Beginning with the first line, return the material verbatim and without pictures.

• **Data provided**
»»

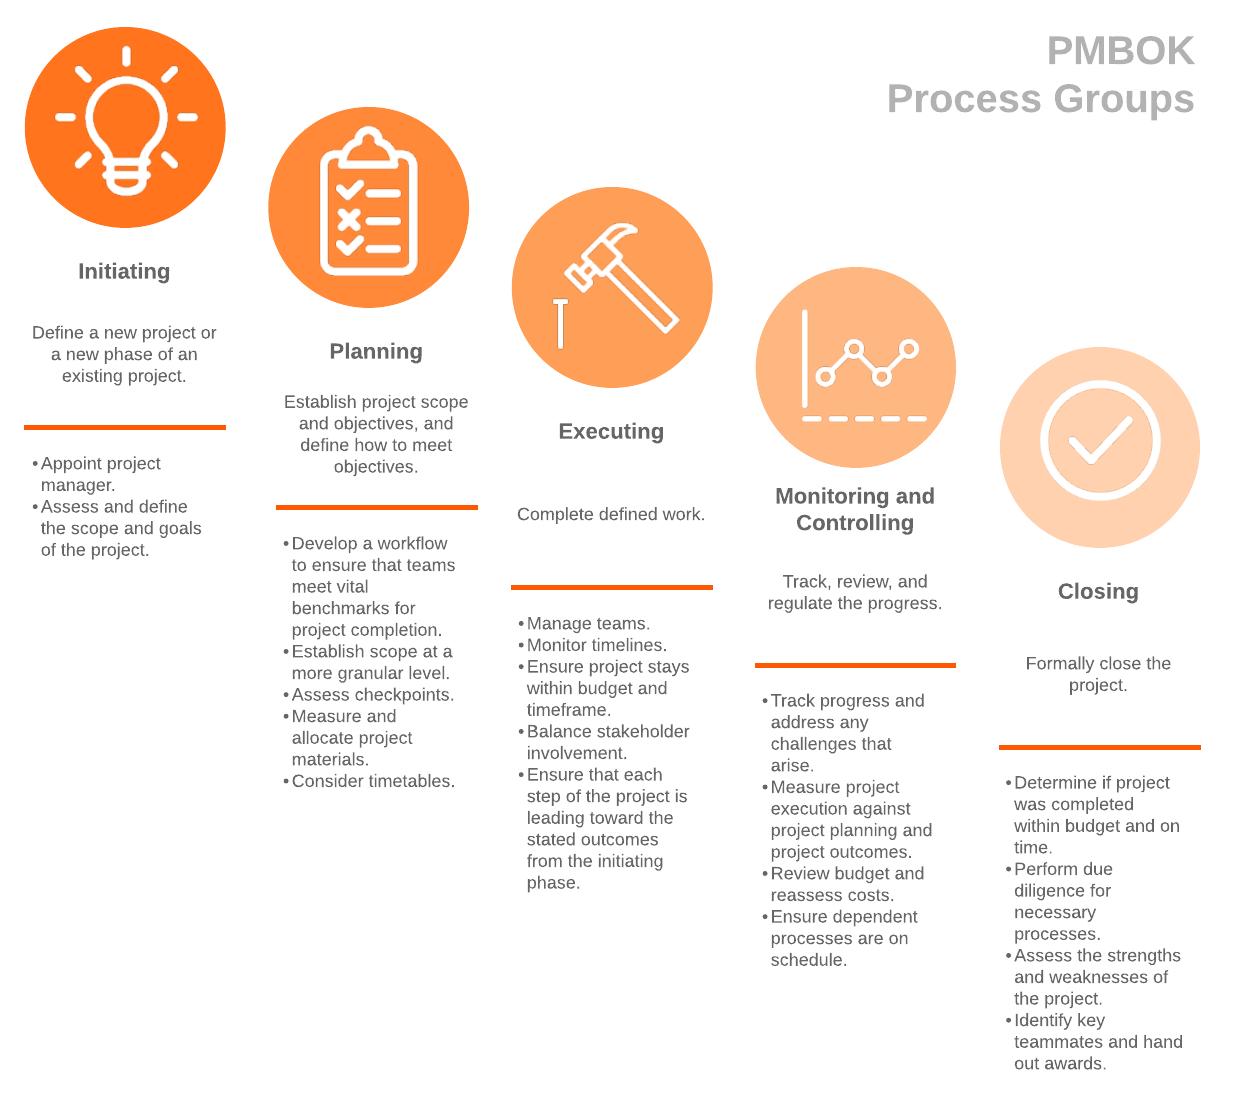 PMBOK process groups
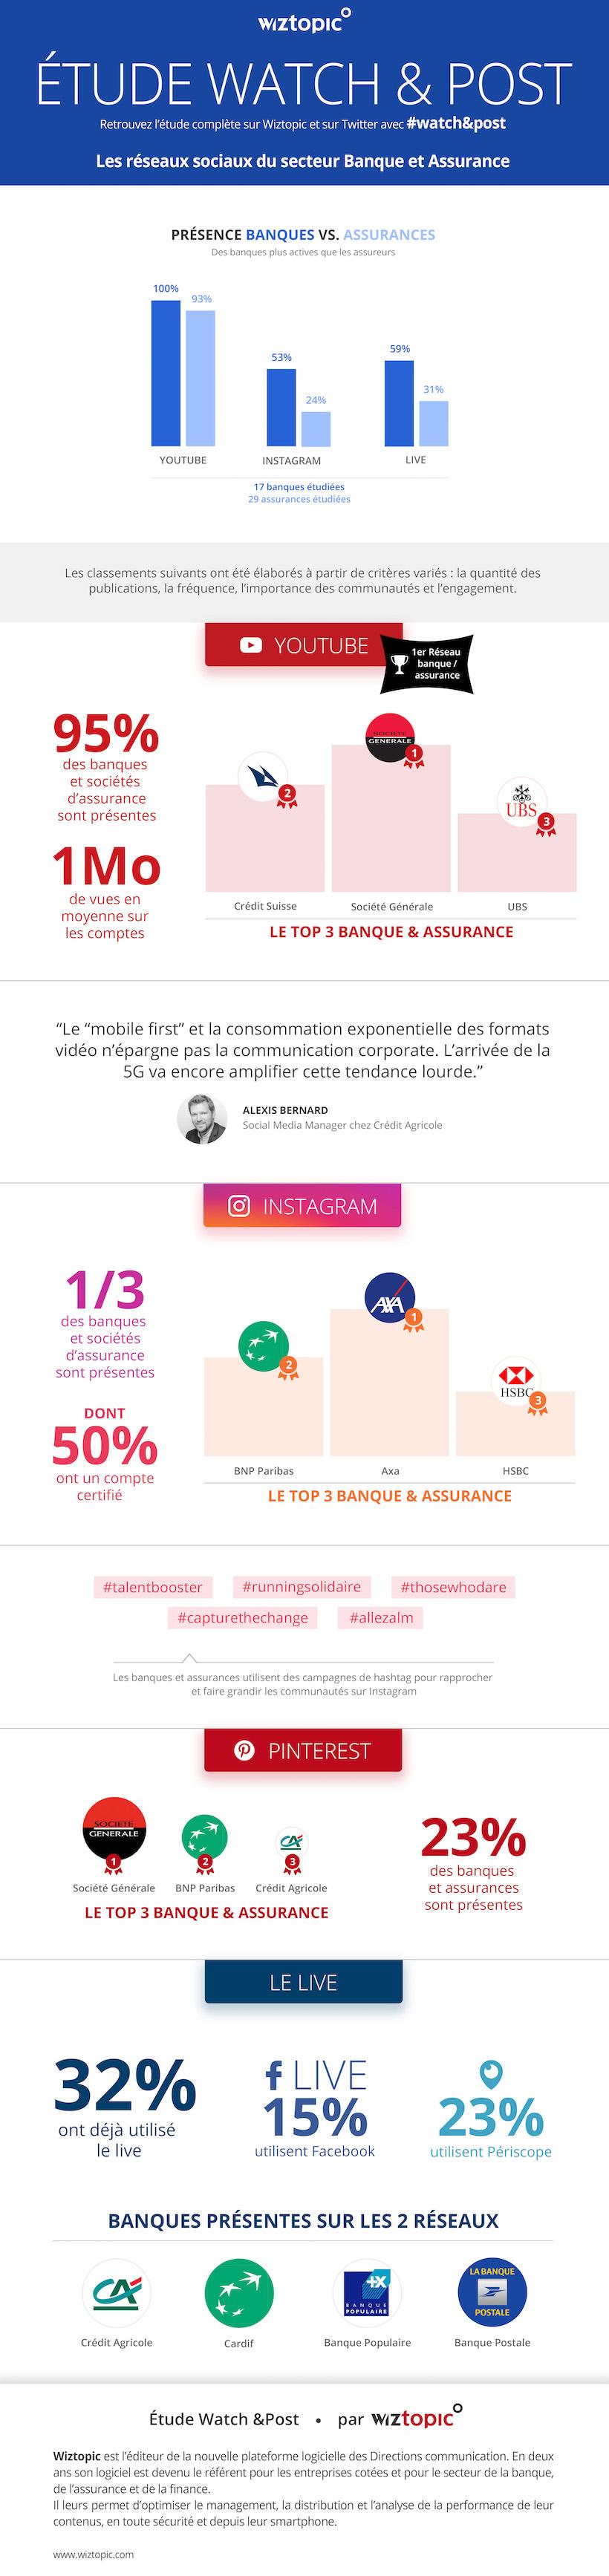 Infographie Watch Post usages réseaux sociaux par les banques et assurances
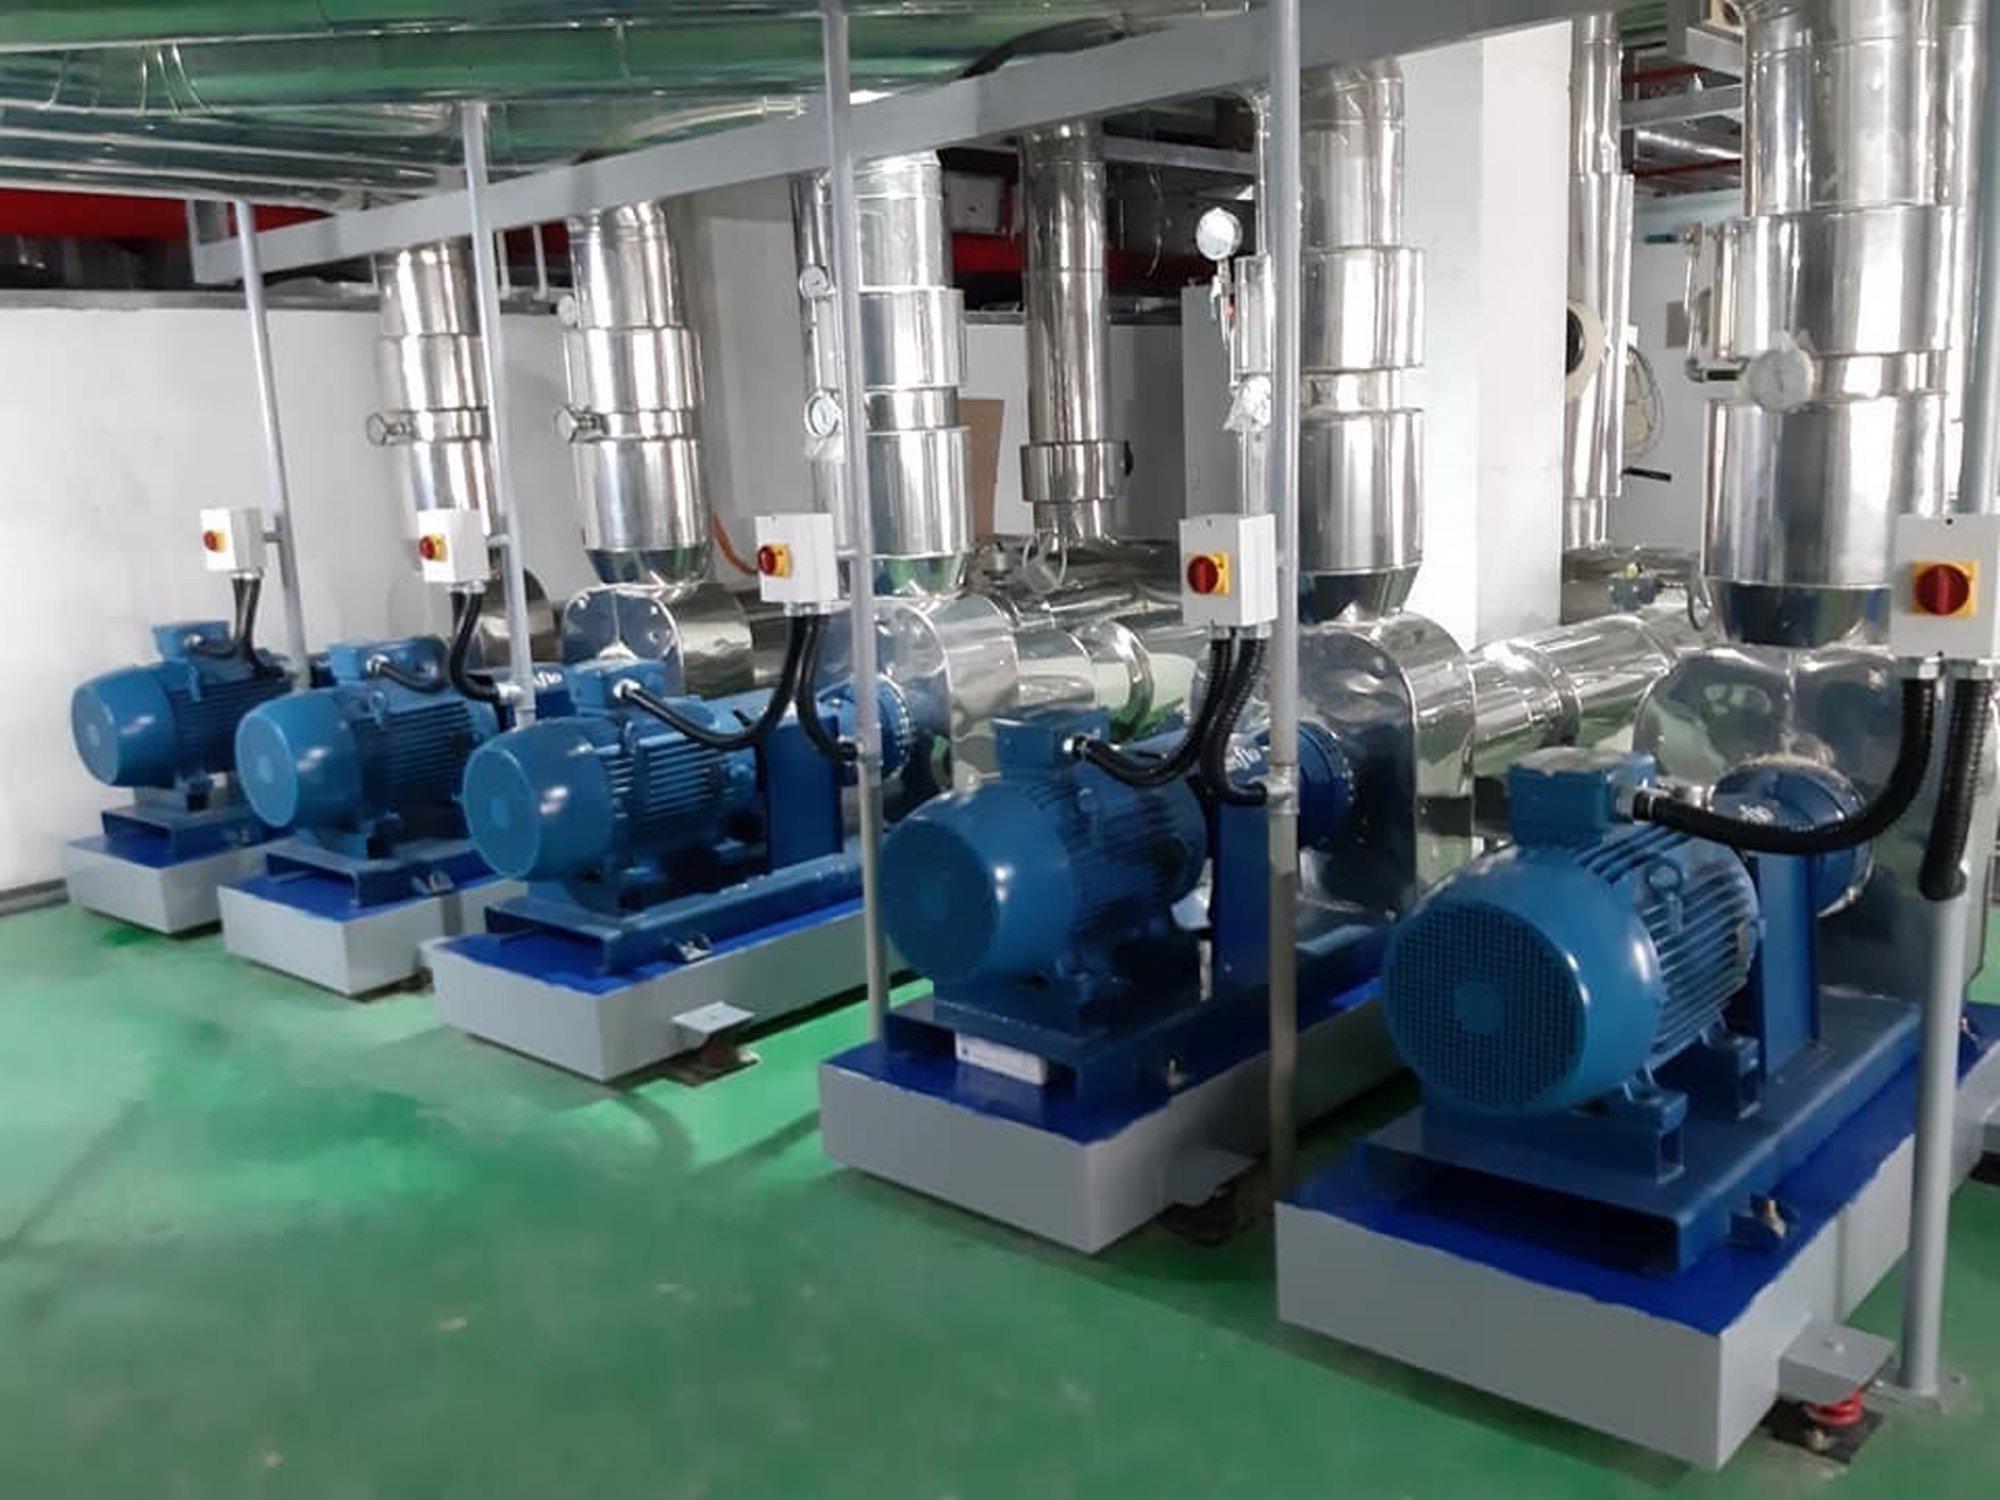 Dự án hệ thống bơm hiệu suất cao cho ngành nước

««

• **Written solution**
 PMBOK process groups
 Infographie Watch Post usages réseaux sociaux par les banques et assurances
 Dự án hệ thống bơm hiệu suất cao cho ngành nước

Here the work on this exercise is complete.